With pictures left out, output exactly the lines of the listing below from the line that has "36 X ROCK CRAWLER" to the line that has "Office Space for rent in Kisementi Kampala", both lines kept.

▸ Provided entries
+++

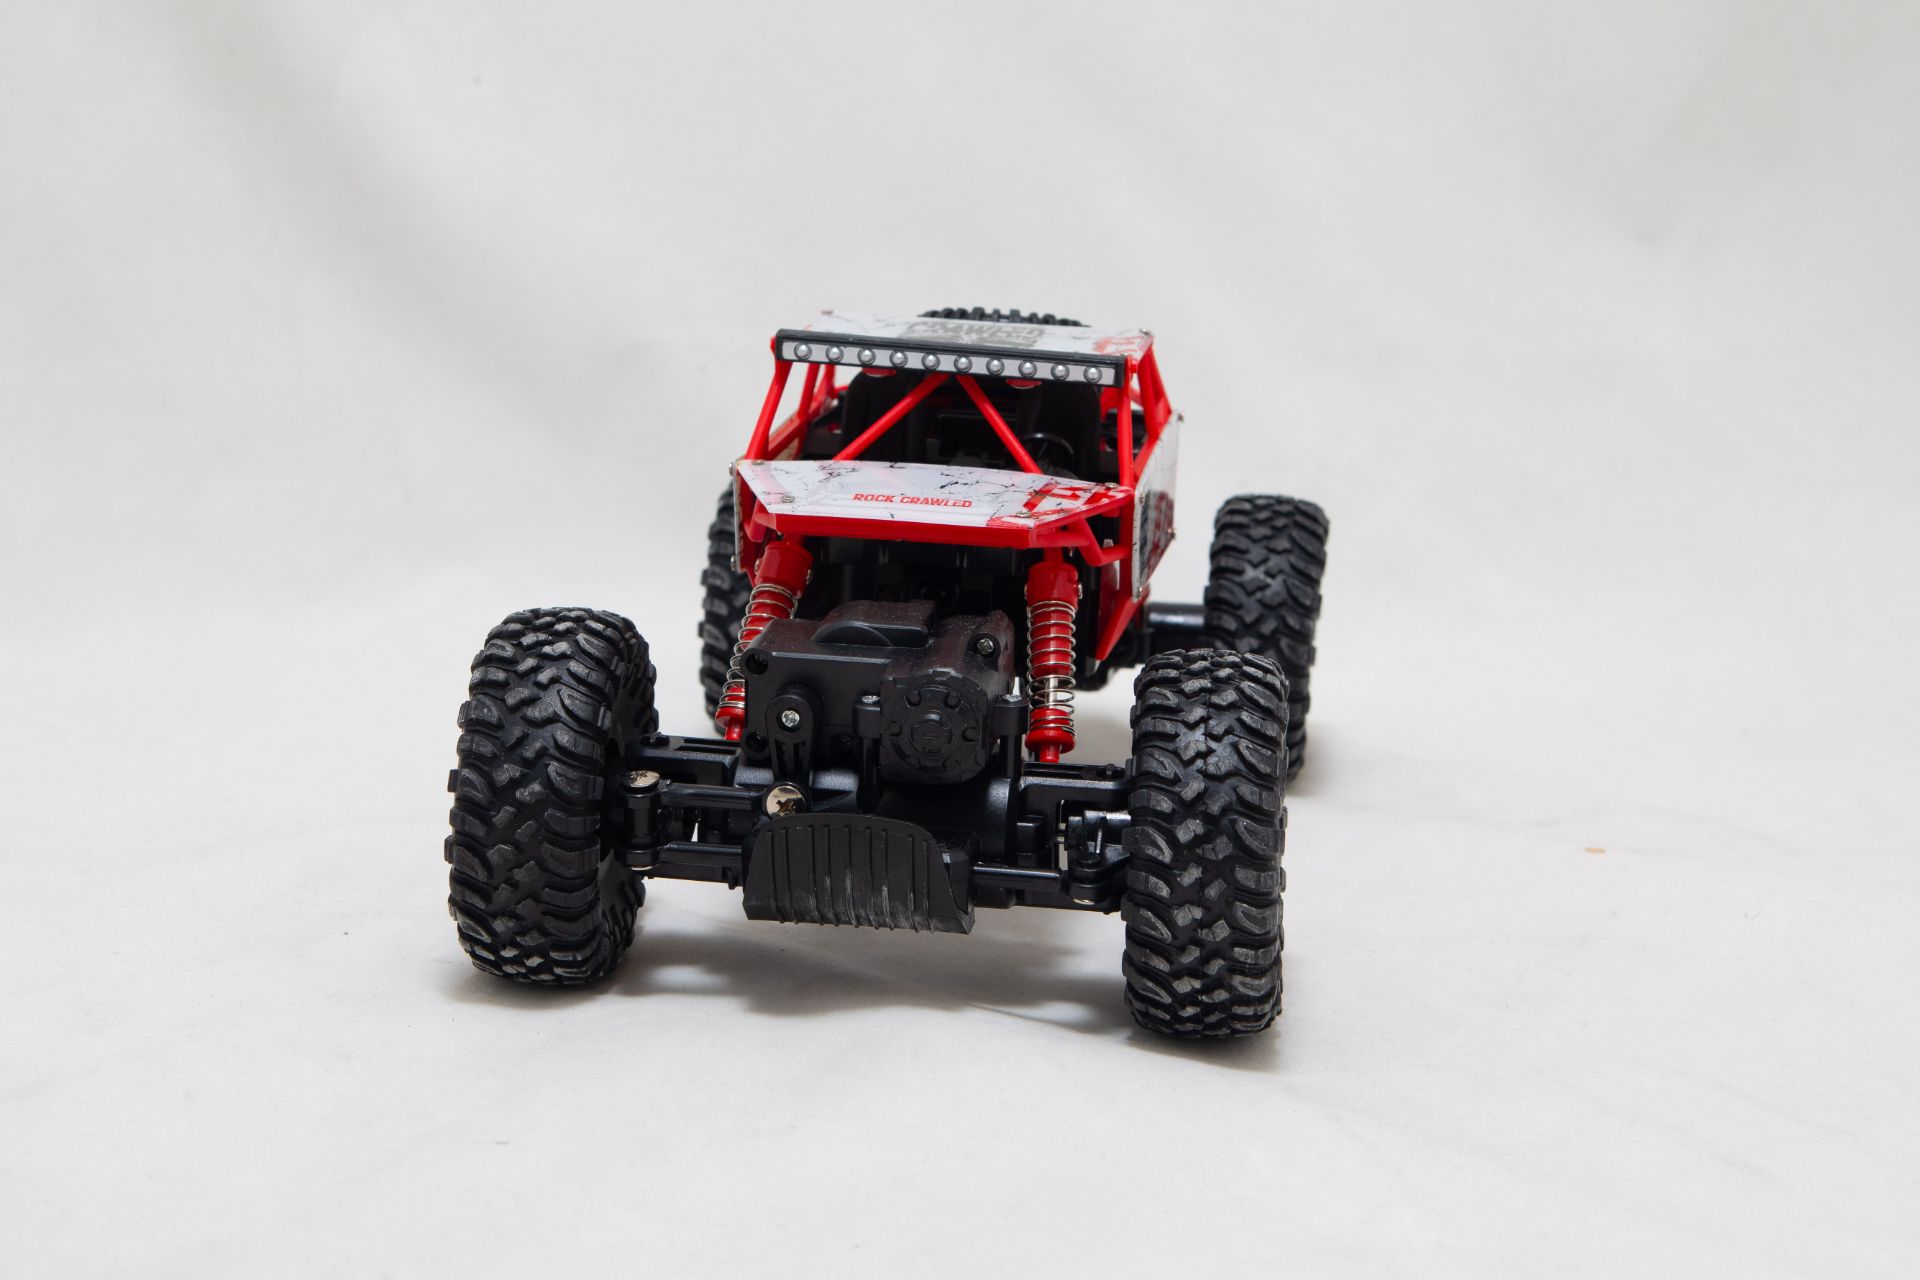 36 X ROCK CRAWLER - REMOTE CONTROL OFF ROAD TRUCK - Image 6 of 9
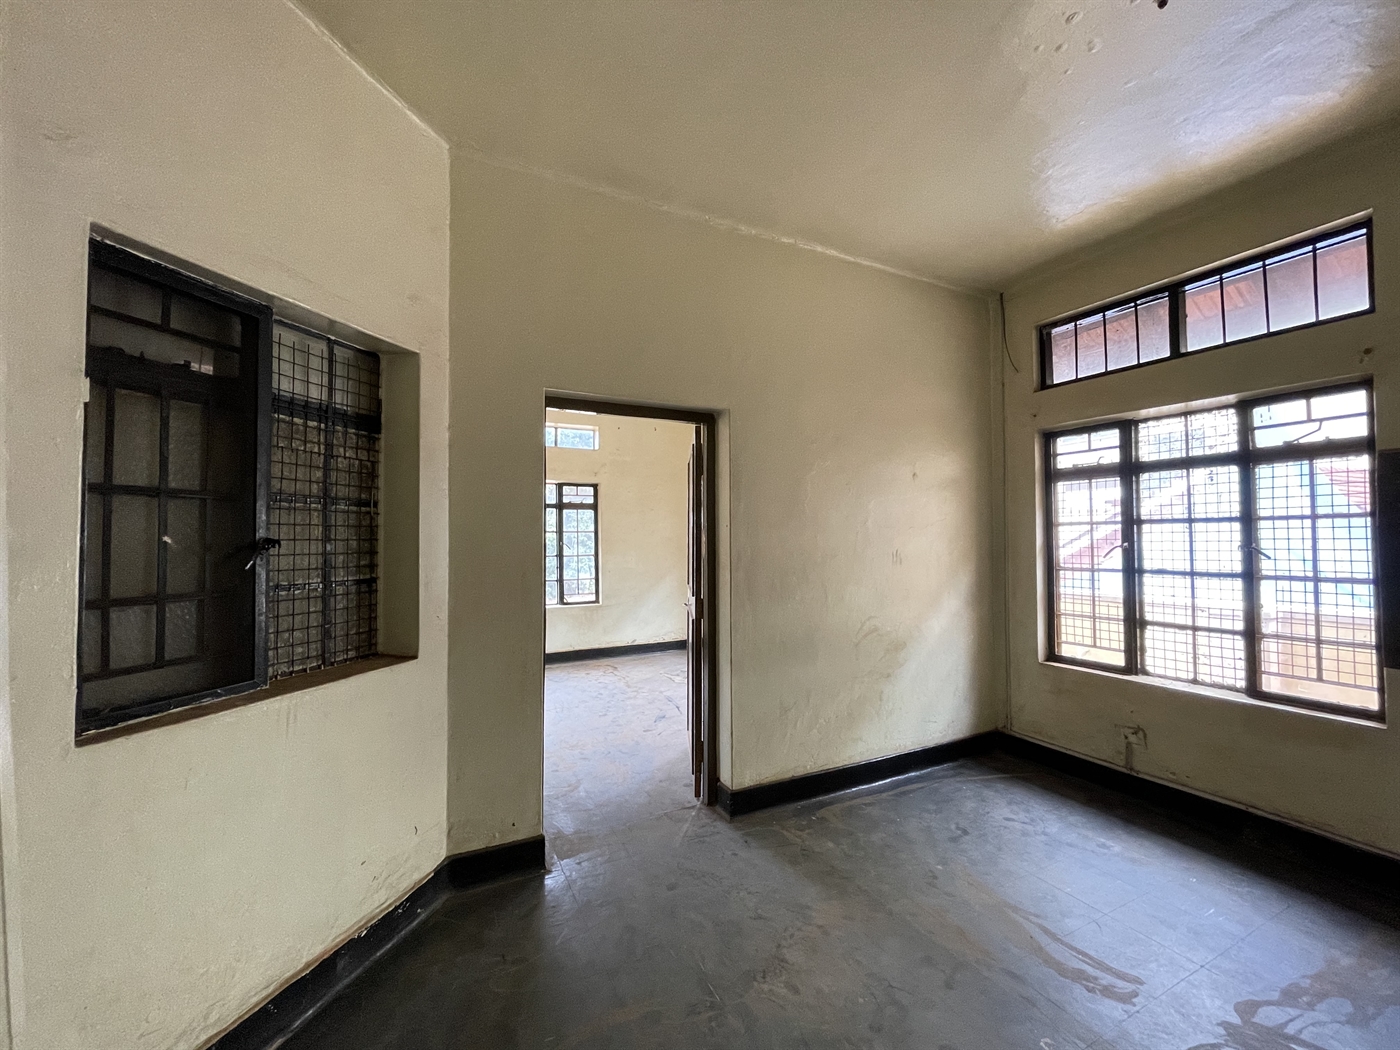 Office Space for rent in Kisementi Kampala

+++

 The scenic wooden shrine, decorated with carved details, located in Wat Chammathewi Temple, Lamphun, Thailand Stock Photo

+++

▸ Response to the task
 36 X ROCK CRAWLER - REMOTE CONTROL OFF ROAD TRUCK - Image 6 of 9
 Office Space for rent in Kisementi Kampala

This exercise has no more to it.